The problems started straight after the meeting. The civil defence official, who was not a seismologist, gave a TV interview, in which he said that the small earthquakes were acting as a safety valve by releasing energy; therefore a large earthquake was now unlikely; therefore residents could relax and have a nice glass of wine.

This was wrong. There is no basis for such a statement, and this is why: the energy involved in a 6.3 magnitude earthquake like the one that struck L’ Aquila a few days later, is about 50,000 times more than any of the small earthquakes. Therefore the sequence that had been felt up to that date had barely skimmed off the slightest tiny fraction of the energy available.

It was this falsely reassuring statement that formed the basis of much of the prosecution’s case. But why then prosecute the seismologists, who gave advice according to the best science as they saw it?

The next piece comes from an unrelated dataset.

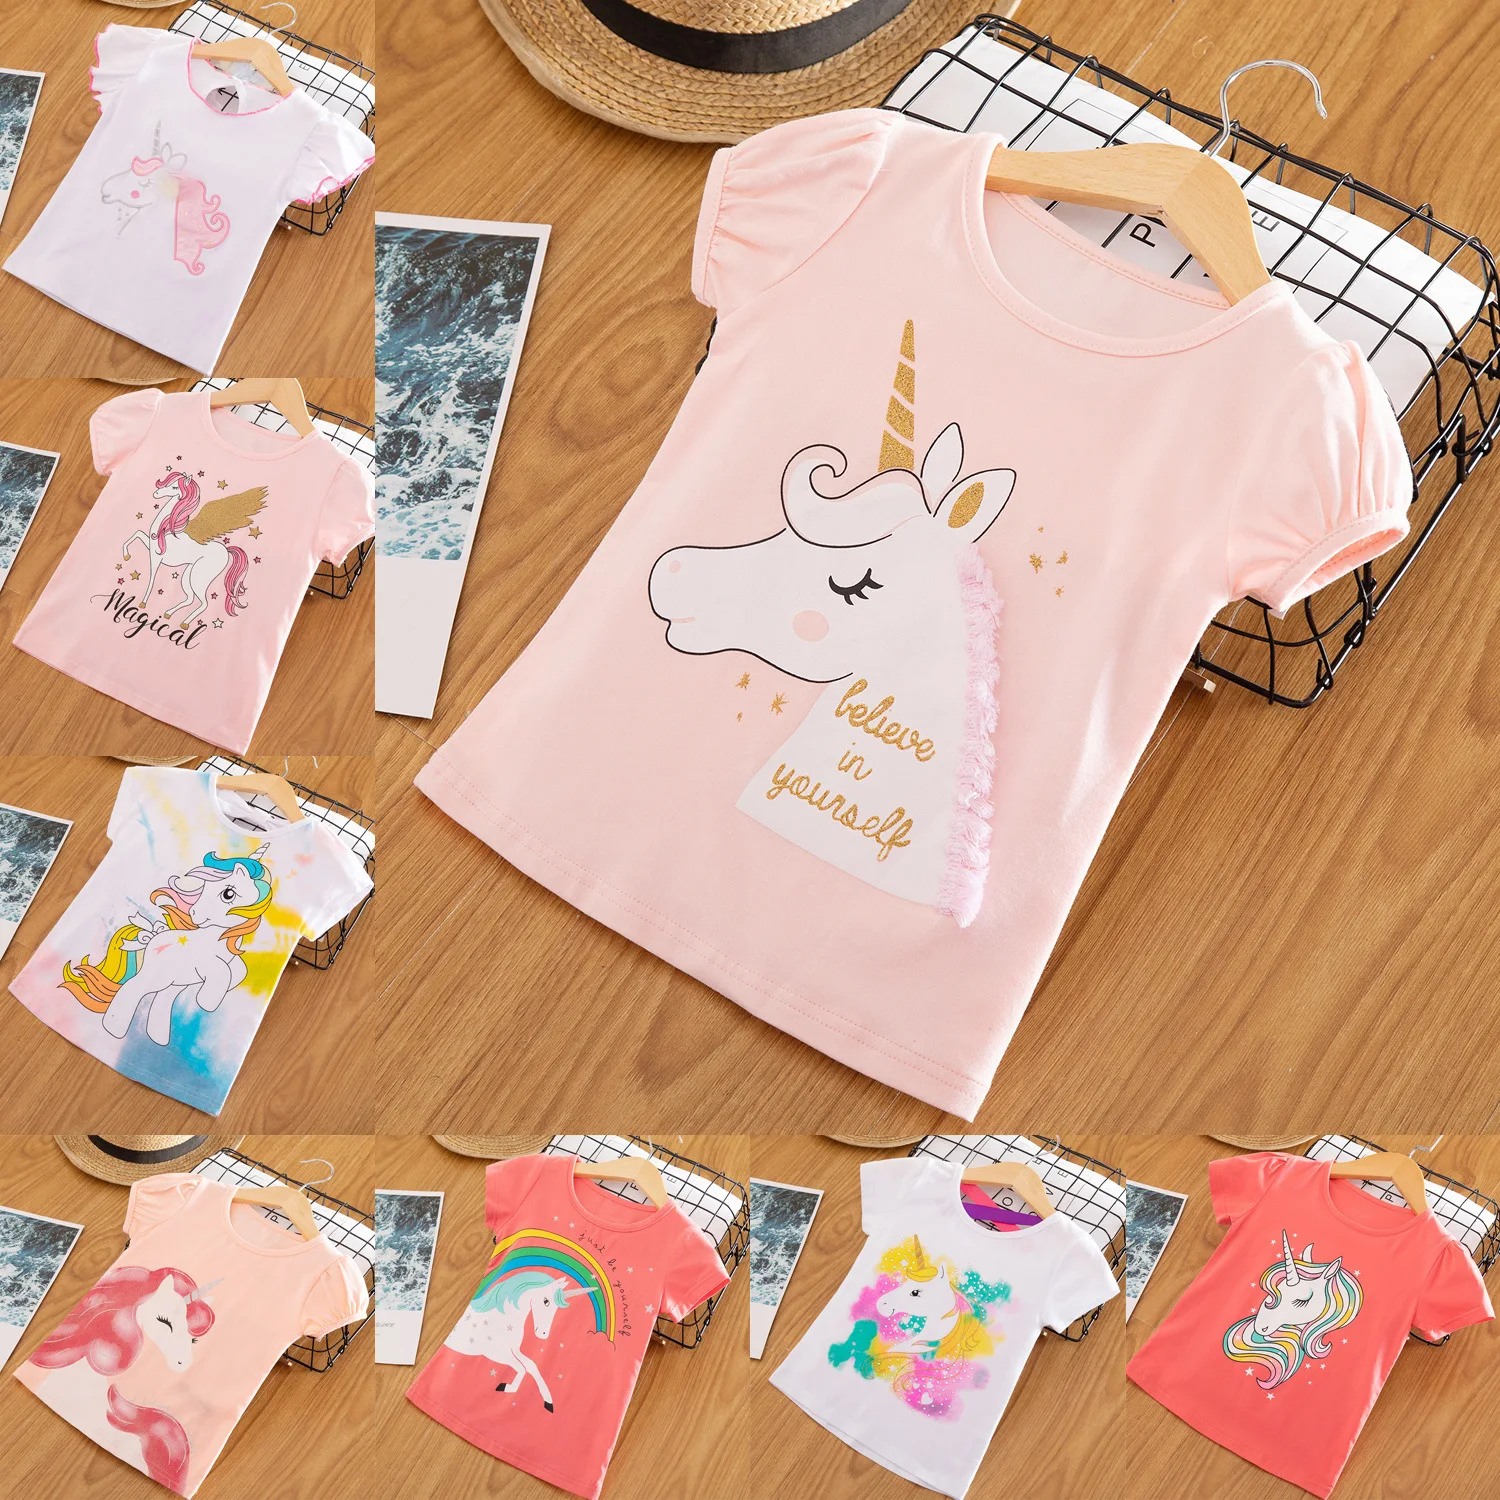 

kD-021 bulk instock wholesale high quality unicorn print shorts sleeve t shirts for baby girls summer tops cotton knitted shirt, Multicolor as picture show

In dealing with natural hazards, one seldom deals with certainties. I remember some years ago, being asked by a journalist whether an earthquake that had just occurred in central Russia would cause a tsunami. I was able to reply, with complete confidence, that as a tsunami requires water, and the earthquake was about as far from the sea as it is possible to get anywhere on Earth, that there would certainly be no tsunami.

But that is a rare case. Usually one is dealing with probabilities. Imagine a game where you must roll two dice, and you win if you roll anything other than two sixes. If you ask my opinion, I will say that the game is heavily in your favour: there is a 35 in 36 chance that you will win. You roll the dice and two sixes come up. Was my advice wrong? Of course not.

The fear of many scientists, and not just seismologists, is that the verdict in the L’ Aquila trial will inevitably compromise the relationship between scientists concerned with natural hazards, and the public and state. What would happen in Britain the next time a swarm of earthquakes causes alarm? Do I advise people that for a swarm in Britain to develop into a magnitude 6 earthquake would be unprecedented and extremely unlikely? Or should I keep silent in case the extremely unlikely event occurs and I end up in a law court?

I would like to think it couldn’t happen in Britain. But then I would not have imagined it could have happened in Italy either.